**TASK**: Give back exactly the lines of the material below, starting with the line with "Peter Millar Short" and going on through the line with "Nhận định bóng".

**RECORDS TO PROCESS**:

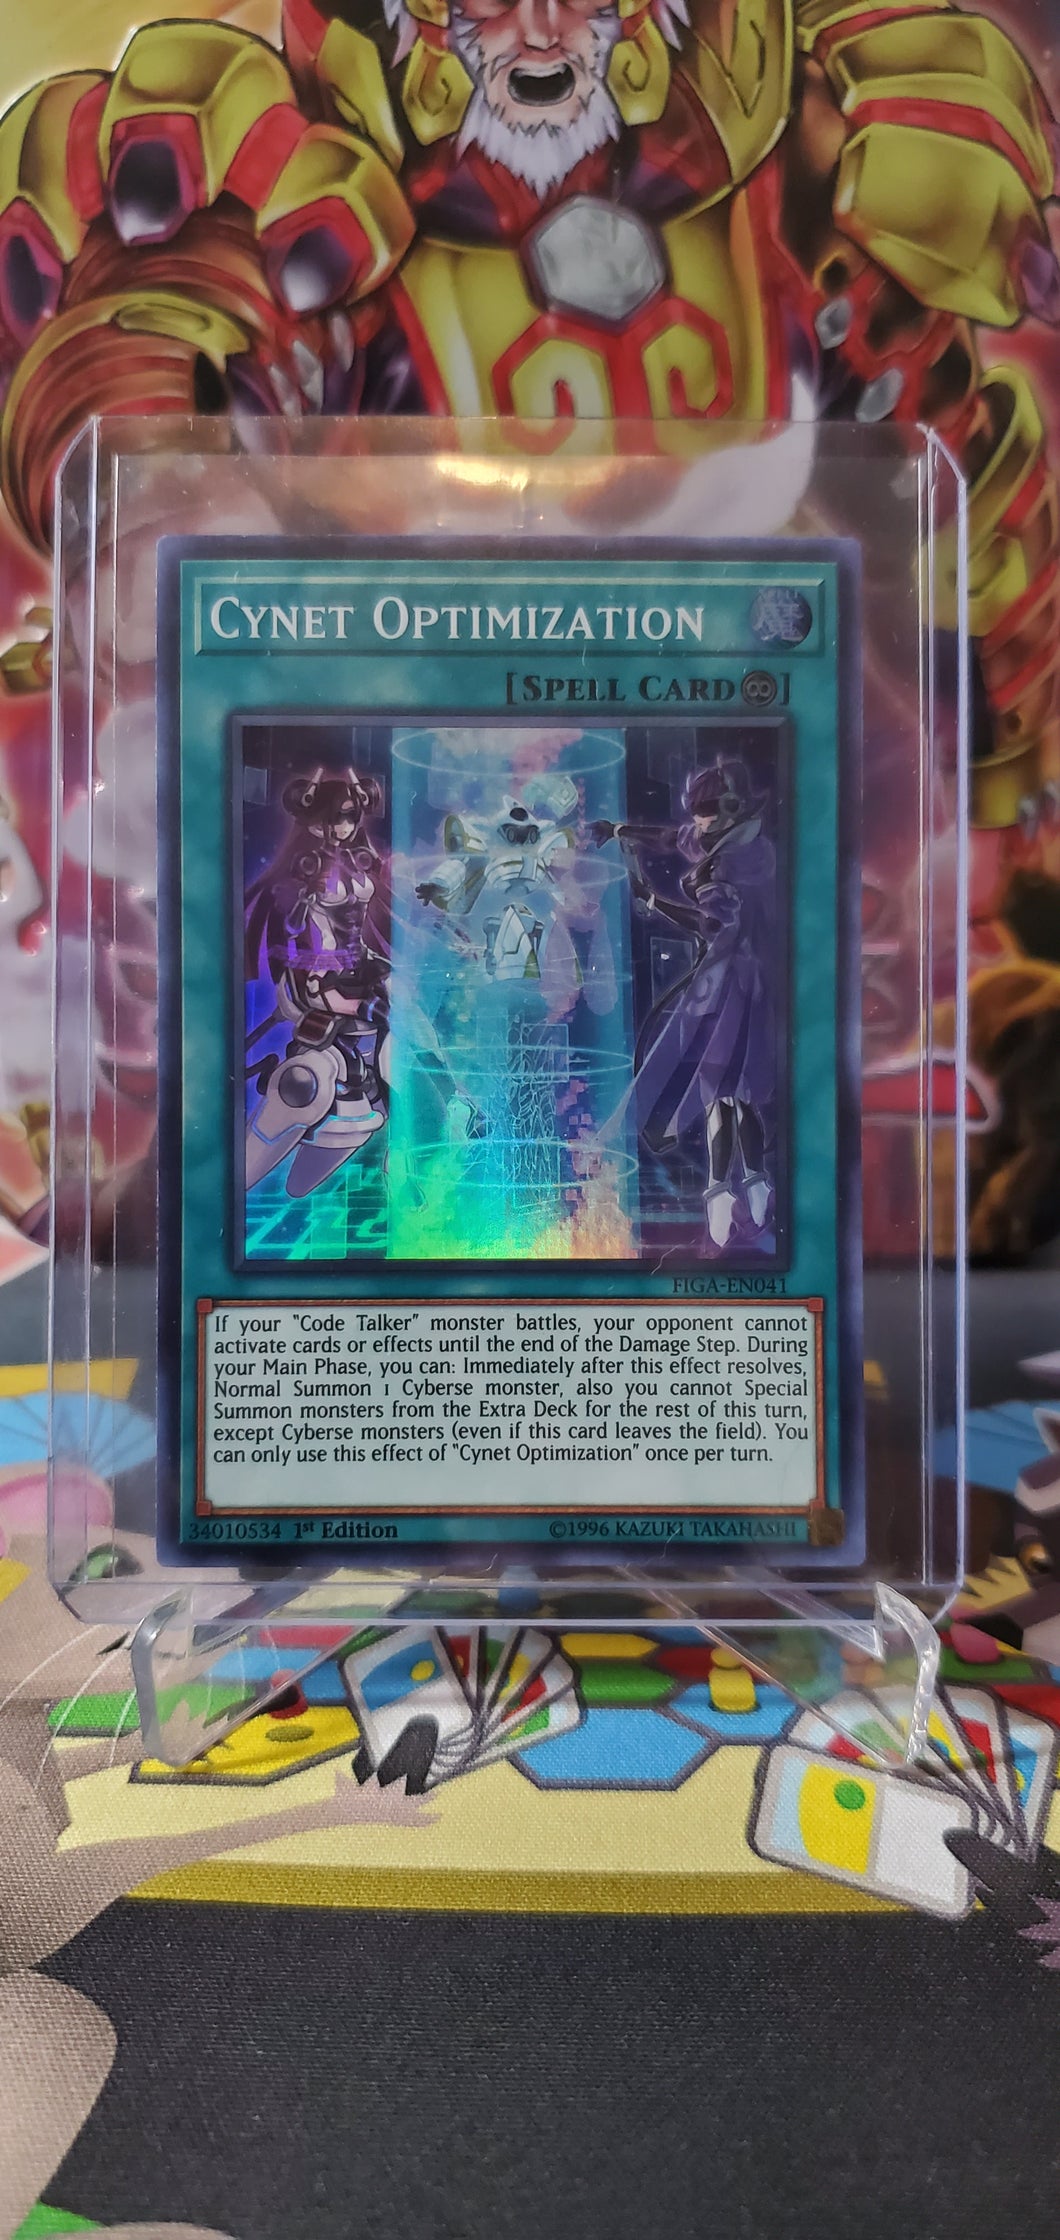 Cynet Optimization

---

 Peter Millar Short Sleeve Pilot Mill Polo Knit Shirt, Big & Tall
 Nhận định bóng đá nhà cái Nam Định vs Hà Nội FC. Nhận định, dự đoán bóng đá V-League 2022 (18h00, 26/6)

...

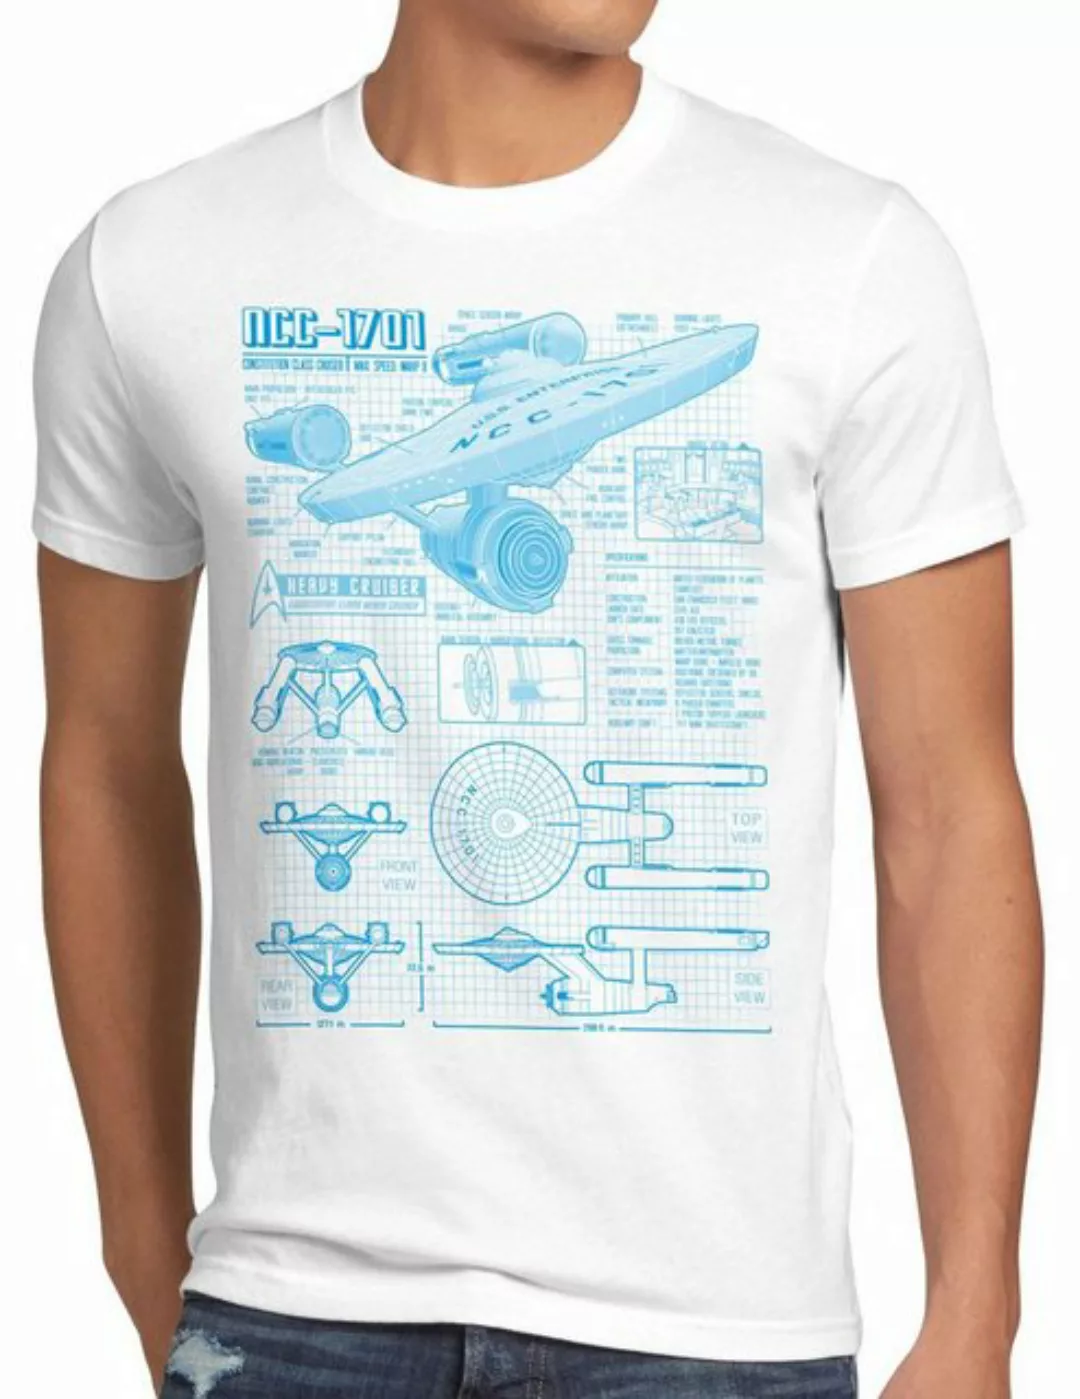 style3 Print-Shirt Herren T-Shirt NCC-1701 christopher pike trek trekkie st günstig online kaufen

**RESULT OF THE EXERCISE**:
 Peter Millar Short Sleeve Pilot Mill Polo Knit Shirt, Big & Tall
 Nhận định bóng đá nhà cái Nam Định vs Hà Nội FC. Nhận định, dự đoán bóng đá V-League 2022 (18h00, 26/6)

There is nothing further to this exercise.